Moammar Gaddafi had Saif al-Islam Qaddafi, held by the new Libyan government and wanted by the International Criminal Court; and Hosni Mubarak had Alaa and Gamal Mubarak, both awaiting trial on various corruption charges (despite being acquitted in one case last week). Ailing Iraqi President Jalal Talabani’s eldest son Bafil is facing trial in Great Britain for defrauding investment partners in Iraqi Kurdistan, while younger son Qubad is neck deep in the family business. Iraqi Kurdish regional president Masud Barzani’s eldest son Masrour is, in theory, the intelligence chief for the autonomous Kurdish government. In practice, according to conversations with human-rights monitors, he uses his position and the security forces he has under his control to ensure businessmen understand that he and his family should get a piece of the pie. When Masud Barzani’s second son Mansour Barzani lost $3.2 million gambling in one of Dubai’s illegal casinos, the Kurdish leader quickly cut short an official visit and left the United Arab Emirates. The pattern continues: Iraqis resent the involvement of Ahmad Maliki, the son of Prime Minister Nouri al-Maliki, in businesses which benefit from his father’s position. Such business dealings and relationships go without saying in the monarchies of the Persian Gulf with the exception, of course, of Oman whose ruler Sultan Qaboos is unmarried and has no children.

It is true that such a pattern is not limited to the Middle East. While his father Kofi Annan was secretary-general of the United Nations, Kojo Annan sought to profit from UN deals. And both Africa’s dictatorships and its nascent democracies also see sons of presidents and rulers seeking to cash in on their fathers’ positions.

It may be fashionable to look the other way and pretend such corruption does not occur. Western universities go farther and happily welcome donations of questionable money to honor dictatorial dynasties. But building false images of such countries does no favors, nor does it reflect well on a new generation of rulers that they encourage their sons to accumulate as much money as possible rather than distinguish themselves as doctors, lawyers, or other professionals.

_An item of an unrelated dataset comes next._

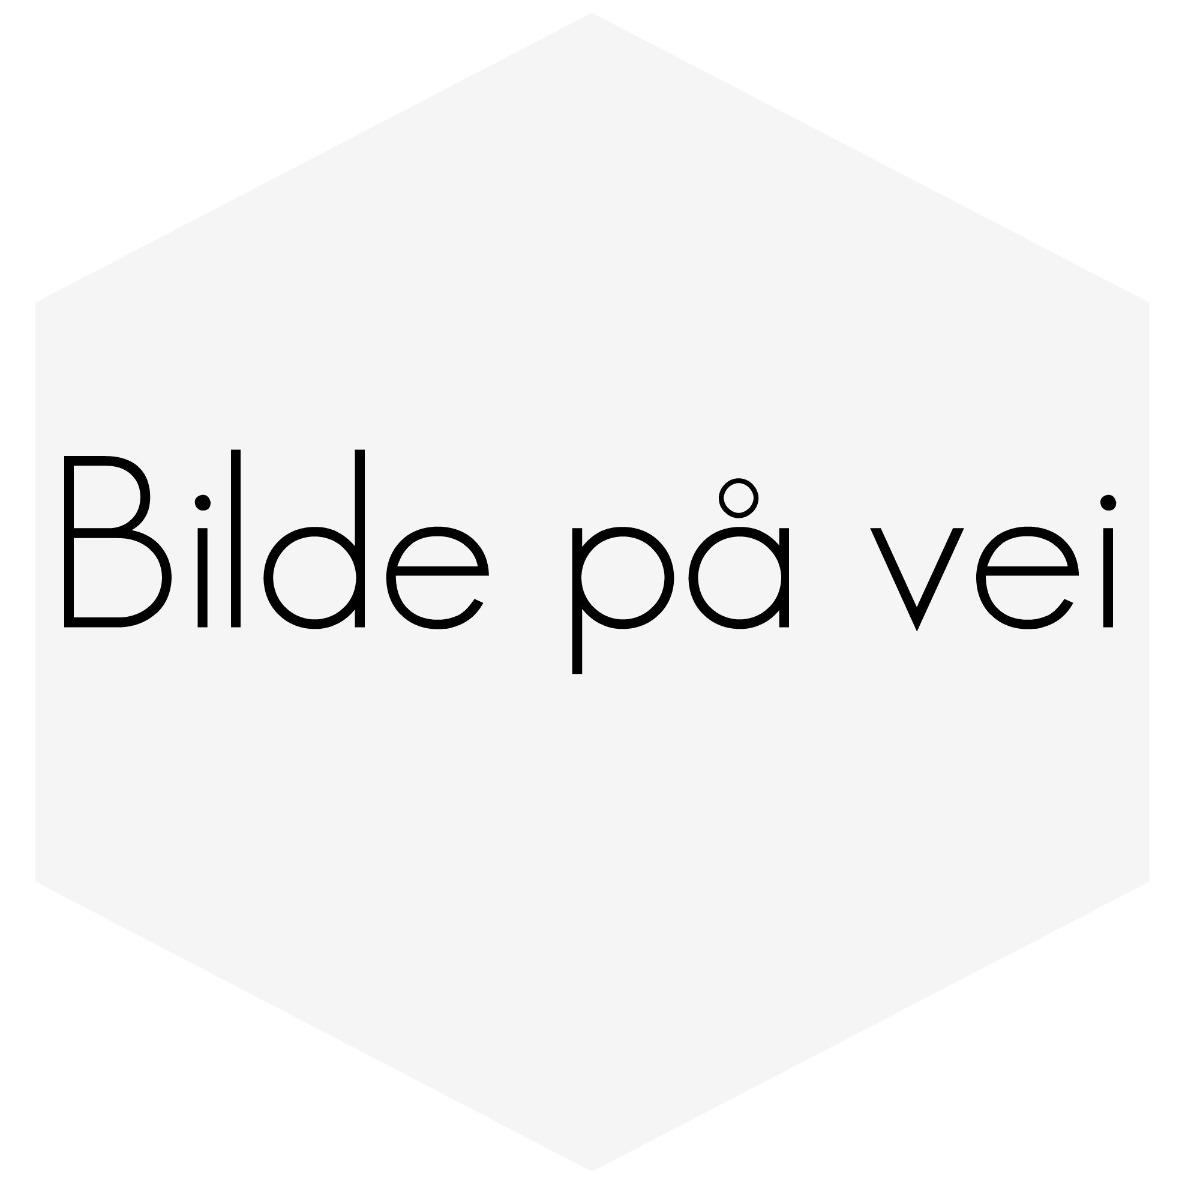 BLINKLAMPE S/V40-2001>04 VenstreTYP M/CROM RUNDT REFLEKTOR

Erdoğan has been fond of describing Turkey as a democracy and bragging for more than a decade about the reforms he claims to have implemented. If attorneys are allowed to question Bilal Erdoğan and, if warranted, force him to face justice as a man equal to any Turk or Kurd in Turkey, then he should be congratulated for standing on principle. If he wants his son to stand above justice, however, then Recep Tayyip Erdoğan confirms the notion that Turkey is no democracy and  he himself is little more than yet one more self-important Middle Eastern potentate.